One evening a few weeks ago, I attended the local Academy of Medicine meeting. I was just inside the door taking my coat off when our executive director approached me.
"There's a news team here looking for someone to interview about the flu outbreak. Could you help them?"
He went on to say that the news crew had been waiting for an Infectious Disease doc to walk through the door, but they were getting impatient. Feeling my Family Medicine pride swell within me (along with the stage "ham" who can't resist a chance to perform), I said, "yes."
I have some definite workaholic tendencies, so I try to think about most requests for 24 hours before responding. I've gotten better at saying "no" over the last few years, especially to projects that don't meet my own professional goals.
But the spontaneous "yes" moments in my life - those moments where my limbic system leapt ahead of the rest of my brain and I said "yes" with magnificent joy - have all led to good things (my husband, my fellowship, my stage experiences). In those moments, the "yes" erupted from a place so deep inside of me that I may never access it consciously.

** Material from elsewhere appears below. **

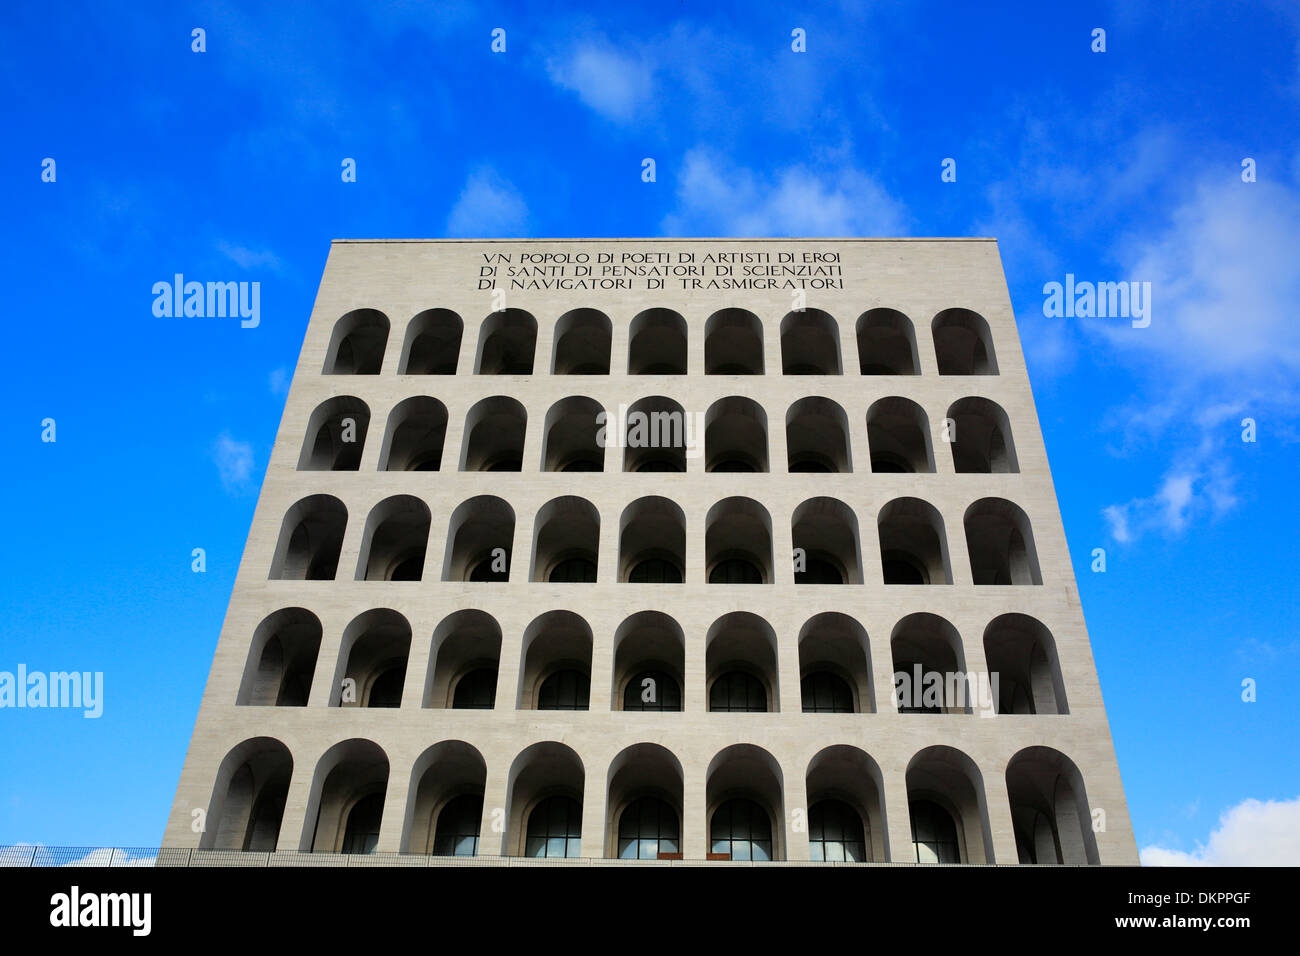 Palazzo della Civiltà Italiana (Colosseo Quadrato), EUR, Rome, Italie Banque D'Images

Last night's "yes" definitely came from that same inaccessible place. As a family doc, I often feel like I am fighting a war against all of the mis-information that my patients come across. They didn't go to medical school, and I know it's unfair to expect them to recognize Dr. Oz's propensity to recommend non-evidence based treatments or Jenny McCarthy's insane reasoning regarding vaccines.
Each of us in medicine can be part of the solution. In my prior city, I contributed a short patient education column about every other month to a neighborhood paper. I like to write, I like to stand up in front of people, and, most importantly, I like to promote Family Medicine and honest health information every chance I get.
And, if I convinced just one person watching the evening news last night to get a flu shot, it'll have been worth it.